The data is clear: employers need specialized oncology oversight, not more management without subspecialty expertise. AccessHope connects your plan and your employees' community oncologists with subspecialists from National Cancer Institute-Designated Cancer Centers, bringing the latest evidence-based expertise to every cancer case without requiring employees to leave home or switch doctors.
AccessHope is transforming cancer care in the workplace through a unique employer-sponsored benefit that provides expert-driven cancer support, including treatment review, molecular tumor analysis, and clinical trial matching. In 93% of cases reviewed, AccessHope experts recommend improvements.
Learn How AccessHope Can Help →This research was designed to capture how large, self-funded U.S. employers manage, monitor, and govern cancer drug therapy within their health plans. The study was conducted in March 2026 via the Gather research platform.
Respondents were recruited from a nationally representative online panel of U.S. business professionals. All participants were screened and verified to meet eligibility criteria: C-suite, SVP, EVP, or VP title in HR or People Operations; employed at a self-funded organization with 5,000+ employees; primary decision maker or significantly involved in benefits decisions; and self-reported familiarity with pharmacy benefit management and drug spend. Fieldwork was conducted March 19–23, 2026. Median completion time was approximately 12 minutes.
All 110 respondents hold C-suite, SVP, EVP, or VP titles in Human Resources or People Operations and were independently screened for familiarity with pharmacy benefit management and drug spend. Ninety-five percent are the primary benefits decision maker at their organization. The remaining 5% are senior HR and People Operations leaders who directly participate in benefits strategy, vendor evaluation, and plan design — fully qualified to speak to how their organization manages cancer risk.
All 110 respondents hold senior HR or People Operations leadership titles. The sample skews toward mid-to-large employers (5,000 to 9,999 employees), reflecting the segment most actively managing specialty pharmacy risk. A majority reported managing active cancer drug therapy cases for six or more members over the prior 24 months.

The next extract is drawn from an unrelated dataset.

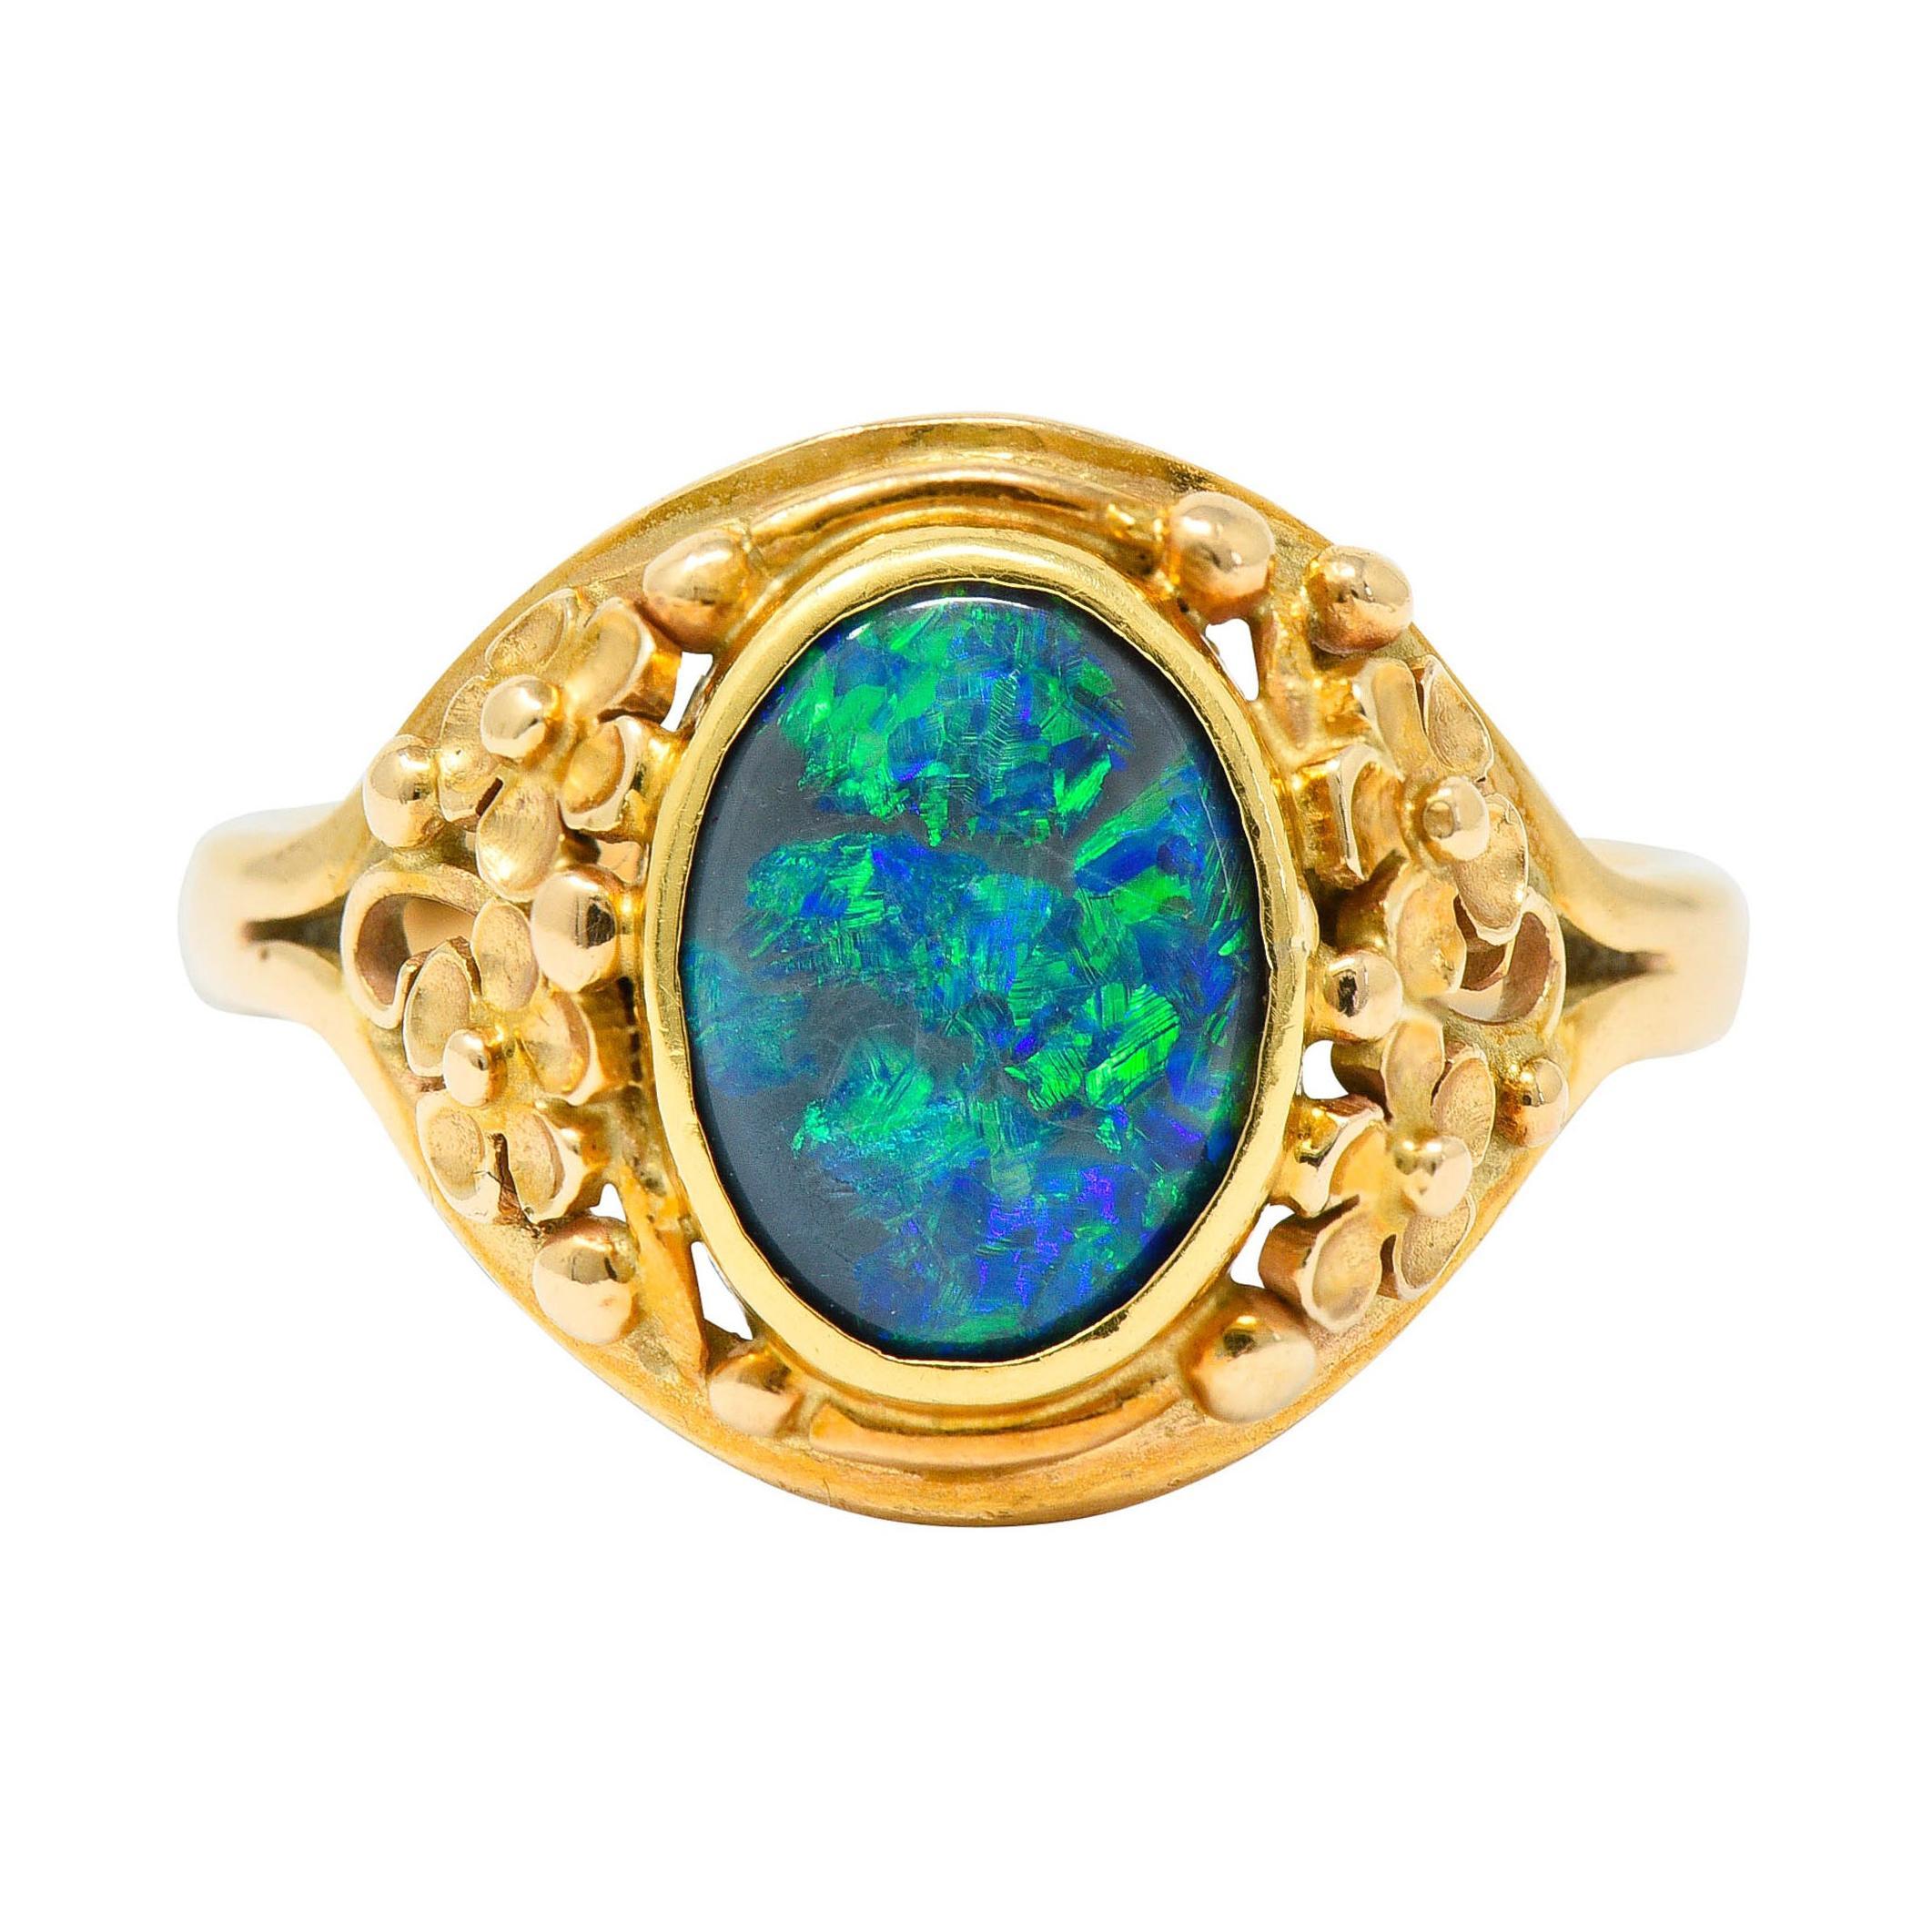 Art Nouveau 14 Karat Gold Black Opal Flower Ring

All responses were cleaned and de-duplicated prior to analysis. Percentages for single-select questions are calculated from the total respondent base (N=110) and sum to 100% with standard rounding. Multi-select questions allow multiple responses per respondent and may therefore exceed 100%; these are clearly labeled throughout the report. Verbatim quotes are drawn from open-ended survey responses and are included with respondent permission. No personally identifiable information was collected.
This study relies on self-reported data from a convenience sample of HR and benefits leaders recruited through an online panel. Results reflect respondent perceptions and may not represent the full population of large self-funded employers. Sample size (N=110) supports directional findings but may not support subgroup analysis at statistical significance. All data was collected at a single point in time.